Plantar pressure patterns were not affected by the strength training. In both the intervention and control groups the peak pressure and the pressure–time-integral under the forefoot increased by 55.7 kPa (95% CI: 14.7, 96.8) and 2.0 kPa.s (95% CI: 0.9, 3.2) over 52 weeks, respectively. Both groups experienced a high number of drop-outs, mainly due to deterioration of health status and lower-extremity disabilities.

Conclusions

Plantar pressures under the forefoot increase progressively over time in people with diabetic polyneuropathy, but in this study were not affected by strength training. Future intervention studies should take this increase of plantar pressure into account and alternative interventions should be developed to reduce the progressive lower extremity problems in these patients.

Trial registration

This study was embedded in a clinical trial with trial number NCT00759265.

Peer Review reports

Background

Diabetic polyneuropathy (DPN) is an important risk factor for elevated plantar pressures and consequently the development of plantar foot ulceration [1, 2]. A foot ulcer is a feared complication of diabetes resulting in a high burden of disease for both the patient and the health care system. Diabetes is the leading cause of a lower extremity amputation in the world and more than 80% of these amputations are preceded by a foot ulcer [3]. Although major improvements have been made in ulcer treatment, the results of interventions that aim to prevent these ulcers are still disappointing [4] and new preventive strategies are needed.

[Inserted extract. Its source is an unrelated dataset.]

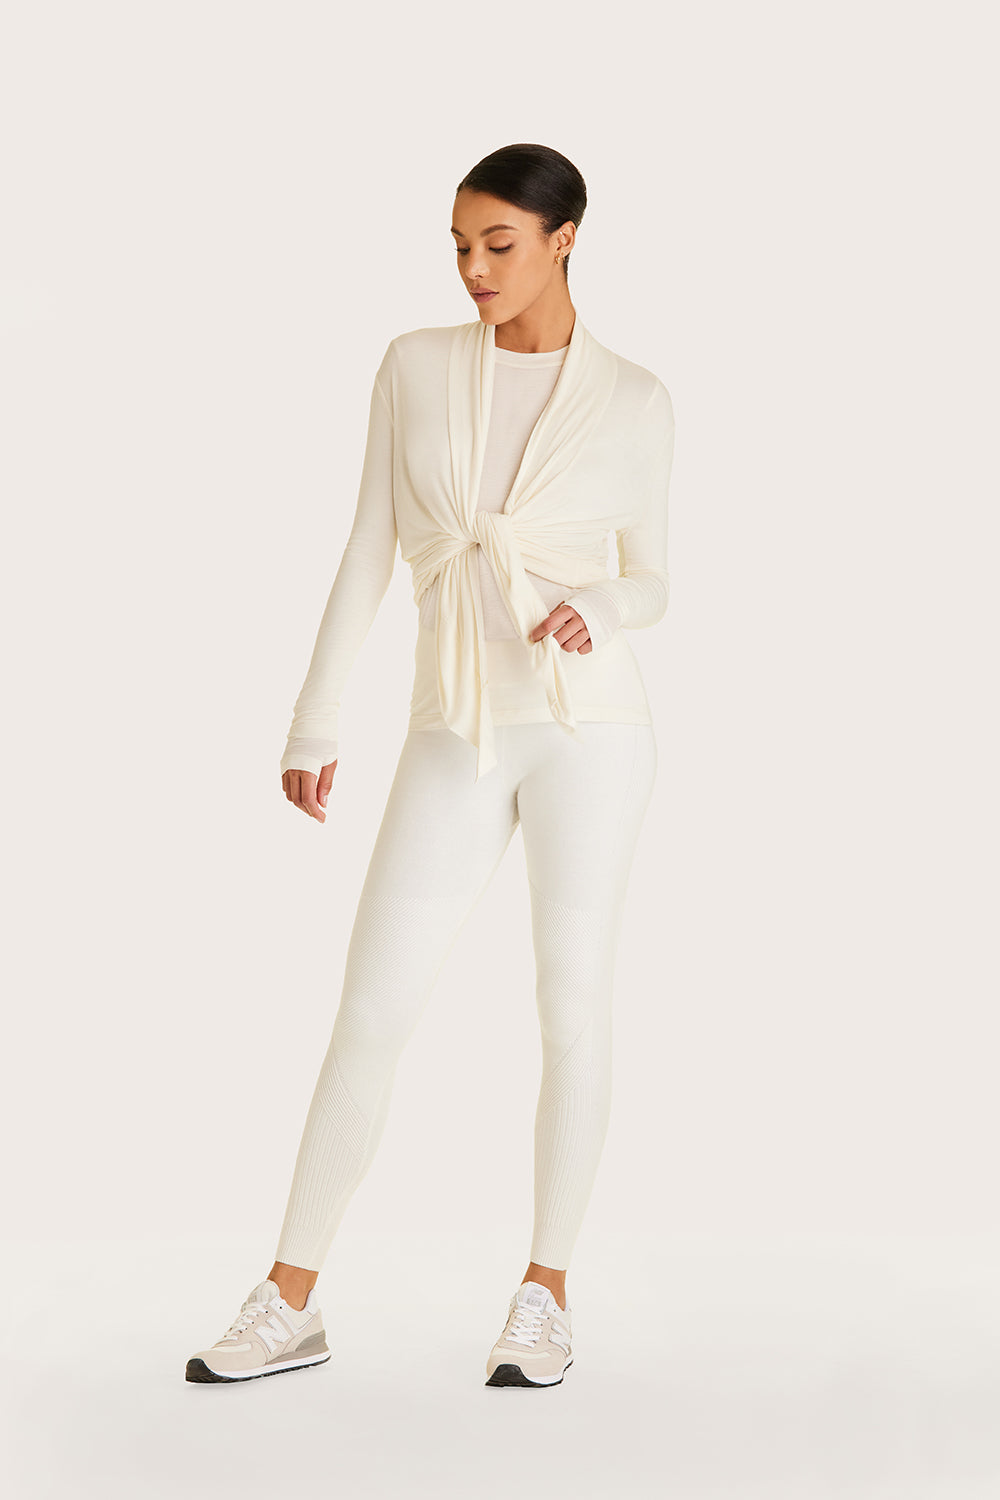 Alala women's cashmere open cardigan in white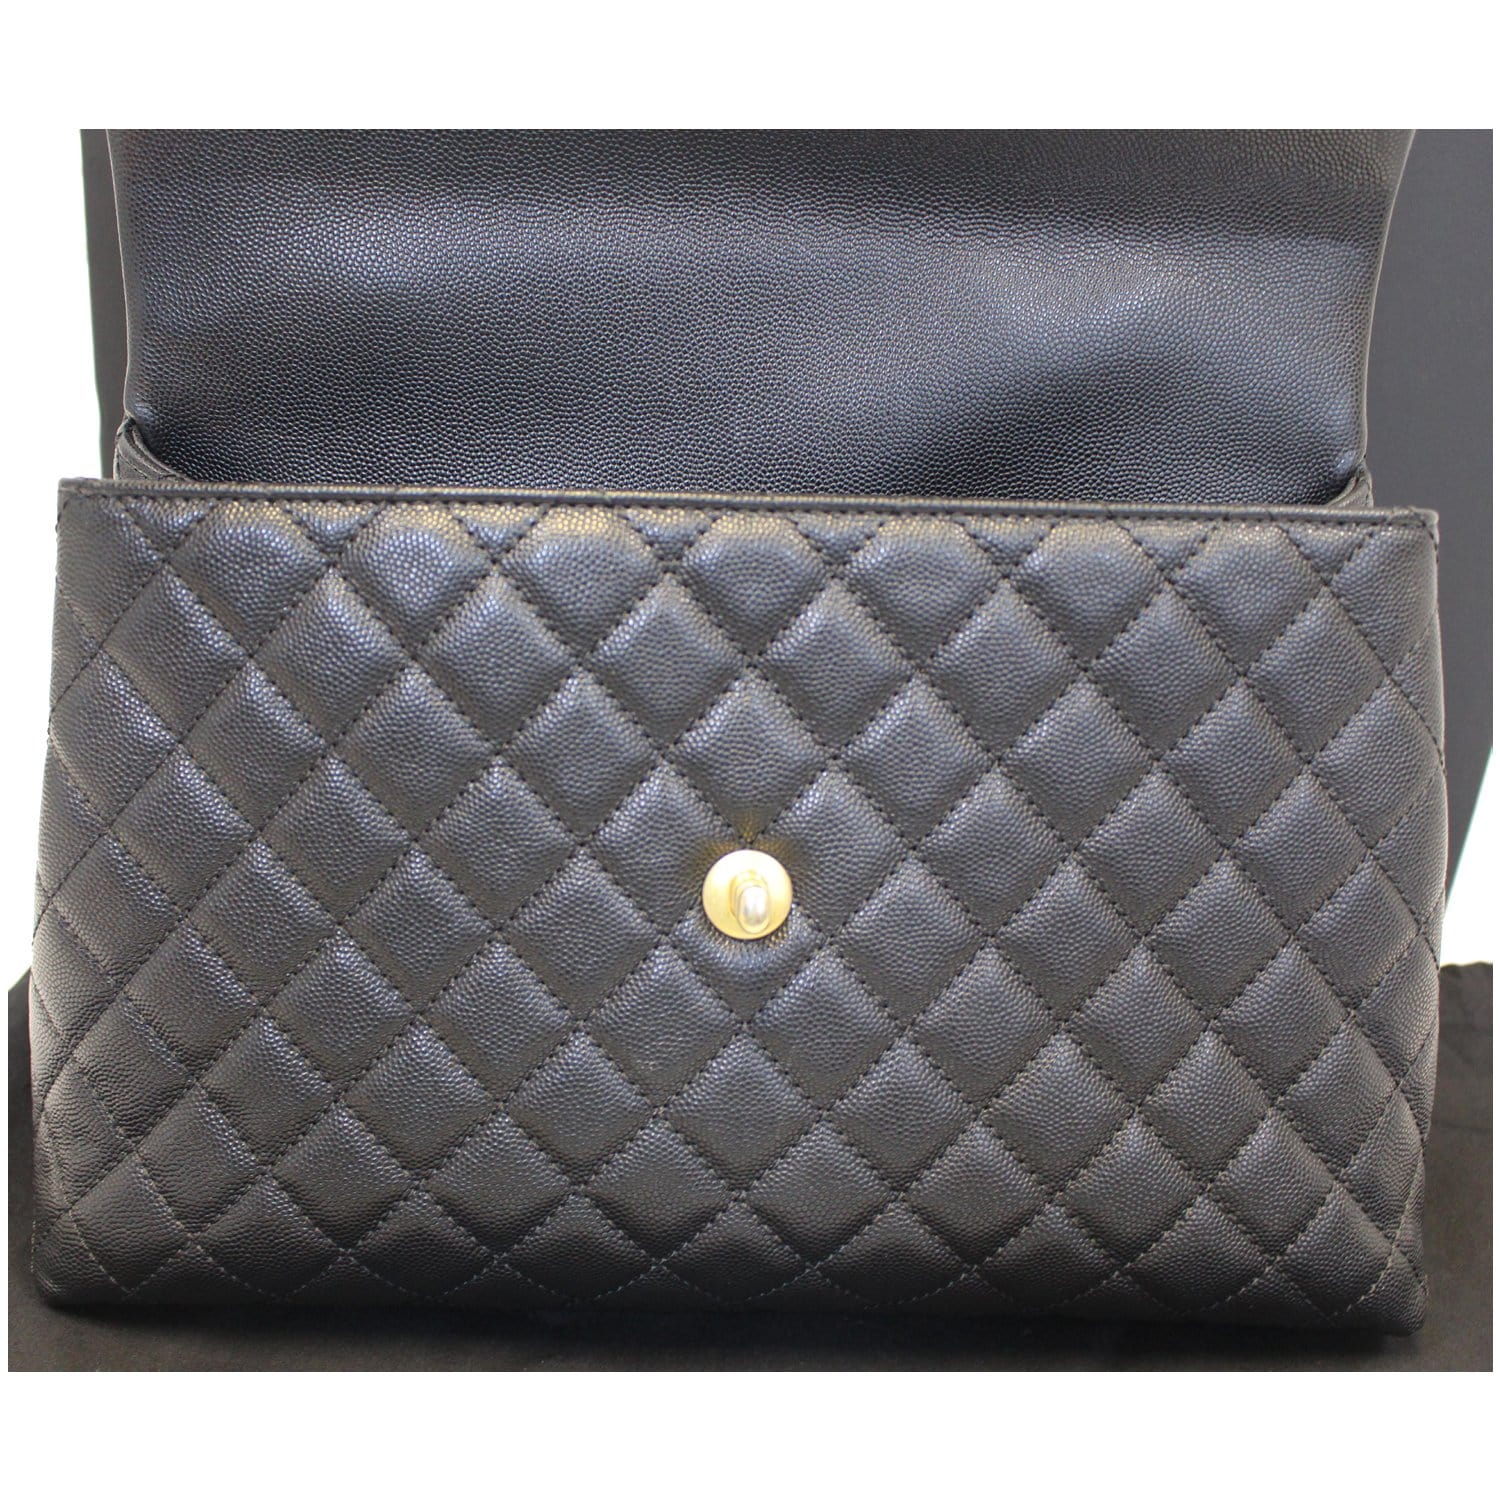 Chanel Medium Coco Handle Flap Bag Black Quilted Caviar/Black

In patients with DPN, especially the region of the forefoot is at higher risk due to deformities and altered gait patterns; higher loading of these areas has been associated with the development of plantar ulceration [2, 5]. More specifically, Caselli et al. [2] found that in DPN there was a higher forefoot to rear foot ratio (F/R-ratio) and concluded that this ratio could help to predict the occurrence of ulceration. Currently, most preventive strategies aim to reduce the abnormal loading of the foot in patients at risk by prescribing offloading footwear and aids like shoe inlays [6]. However, these interventions do not correct the underlying pathology and mixed results have been obtained [7].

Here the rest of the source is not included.